Against attacks on the Bush administration's case for invading Iraq, the president defended his decision.

"After Sept. 11, we had to look at the world differently," Bush said. "One of the clearest lessons of Sept. 11 is that we have to look at threats more seriously."

However accurate American intelligence may or may not have been on former Iraqi dictator Saddam Hussein's weapons programs, the president said, his proven hostility and persistent deceptions were clear enough.

"So I had a choice to make," Bush said, between trusting Saddam's word and holding him accountable to inspections. "And given that choice, I will defend America every time."

And while weapons of mass destruction have yet to surface, Iraq did Bush insisted despite all evidence indicating Iraq had never reconstituted its weapons programs retain the capacity to produce those weapons.

Darla Gillette of Farmington liked what she heard.

"I liked the way he stands beside his positions," she said, "knowing today you say the same thing that you say tomorrow and four years from now."

"I thank God Bush was president when that (the Sept. 11 terrorist attacks) happened, and with him as president, he'll make sure that doesn't happen again," said Gillette, who's made up her mind about who she'll vote for come Nov. 2.

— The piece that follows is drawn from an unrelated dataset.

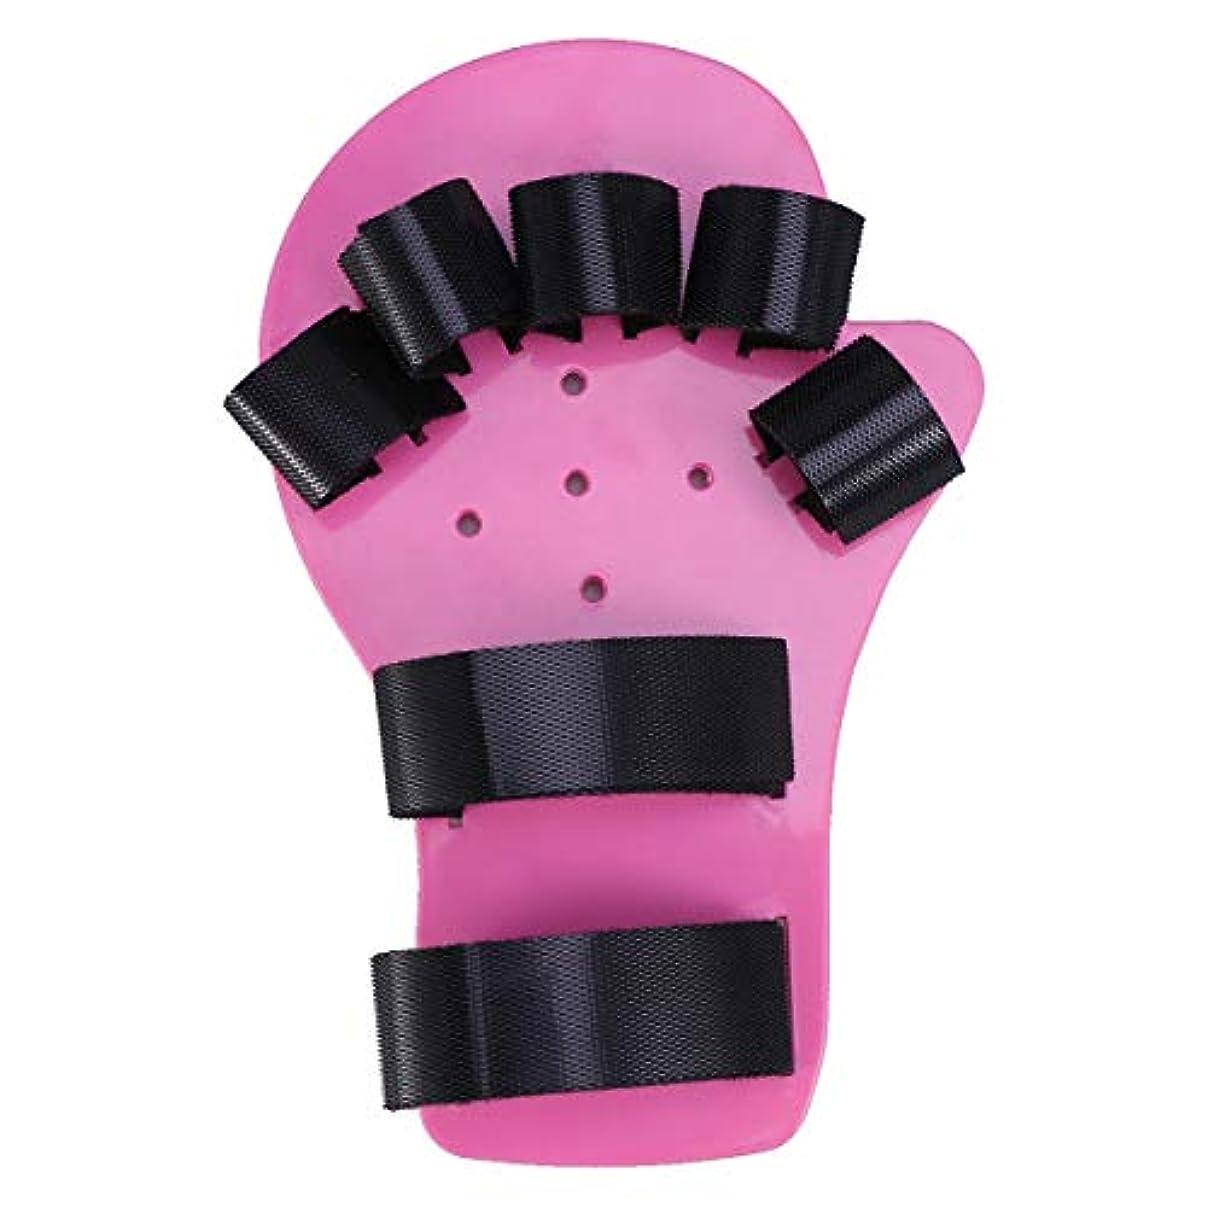 冬残るトレイHealifty 指矯正指板ストロークハンドスプリントトレーニングサポート手首トレーニング装具子供用子供子供1-5歳(ロングスタイル、ピンク)
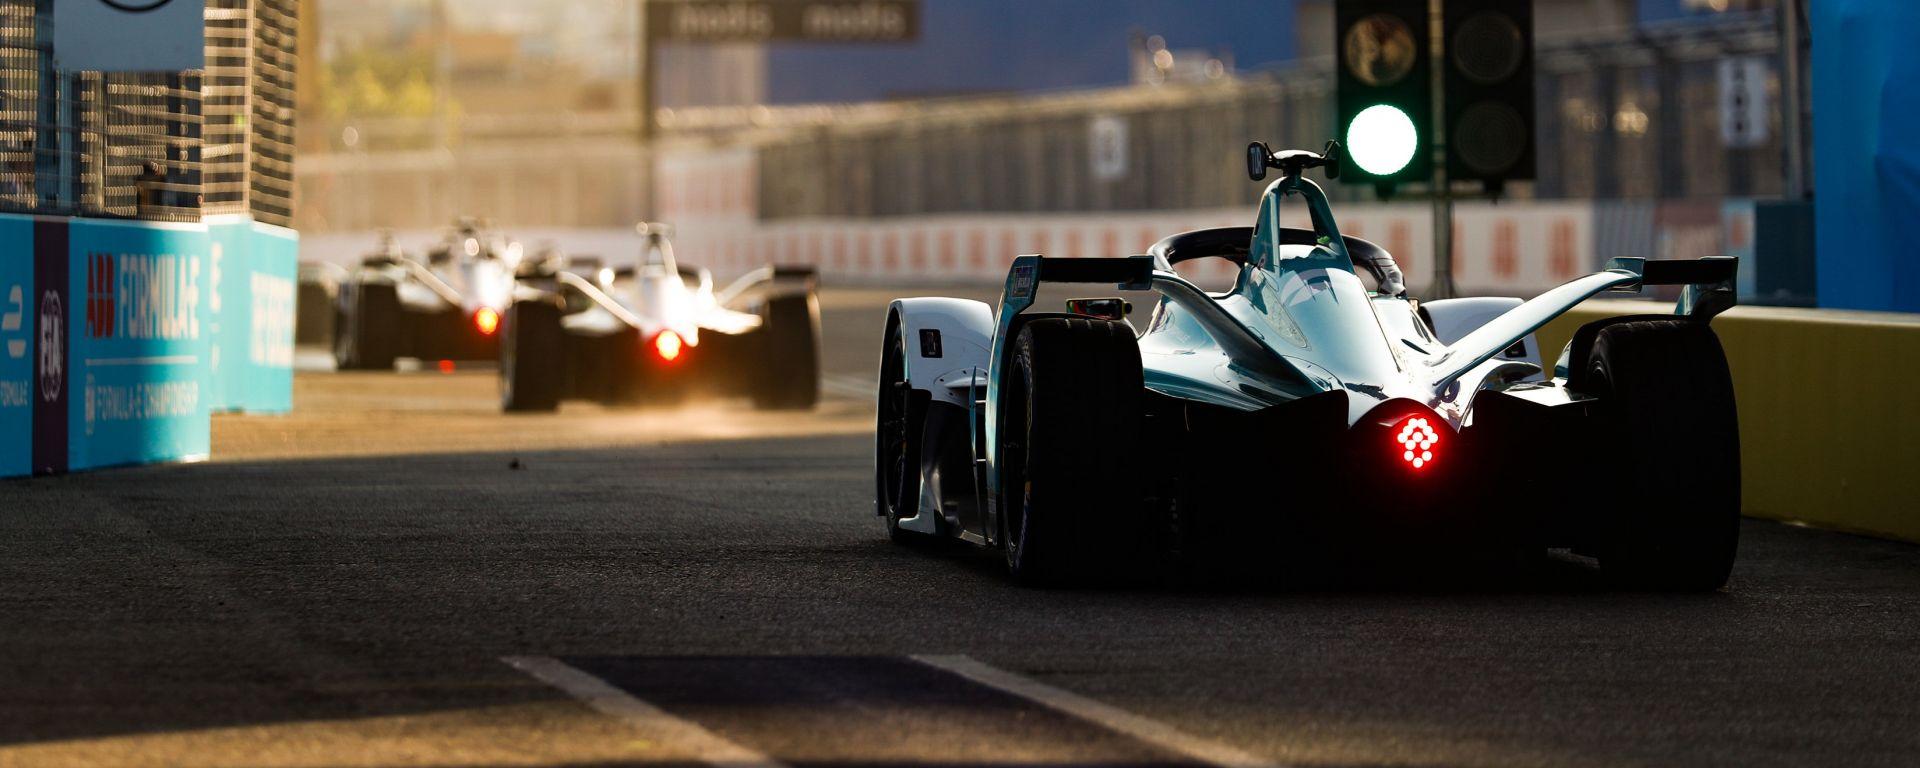 Formula E, le auto elettriche in pista sul tracciato di New York

Wetzel Williams, of Farmington, also left the rally with his mind made up.

As a physician, he appreciates the president's pledge to fight the rising jury awards in medical malpractice cases driving up health care premiums and has faith in his ability to push tort reform legislation through Congress.

Another young lady at the rally, who declined to give her name, left less impressed. Although she enjoyed the president's speech and praised his tax cuts, she's waiting to hear more from his opponent before choosing between the two.

Bush's stop in Farmington was the second of three campaign rallies he held in New Mexico Thursday, following one in Las Cruces and preceding another in Albuquerque. His swing through the state was his second this month, following an Aug. 11 rally in Albuquerque.

After New Mexico's modest five electoral votes were decided by the slimmest margin of any state during the 2000 general election, Bush and Kerry are nevertheless working hard to swing the battleground state their way in what's shaping up to be another close election this November.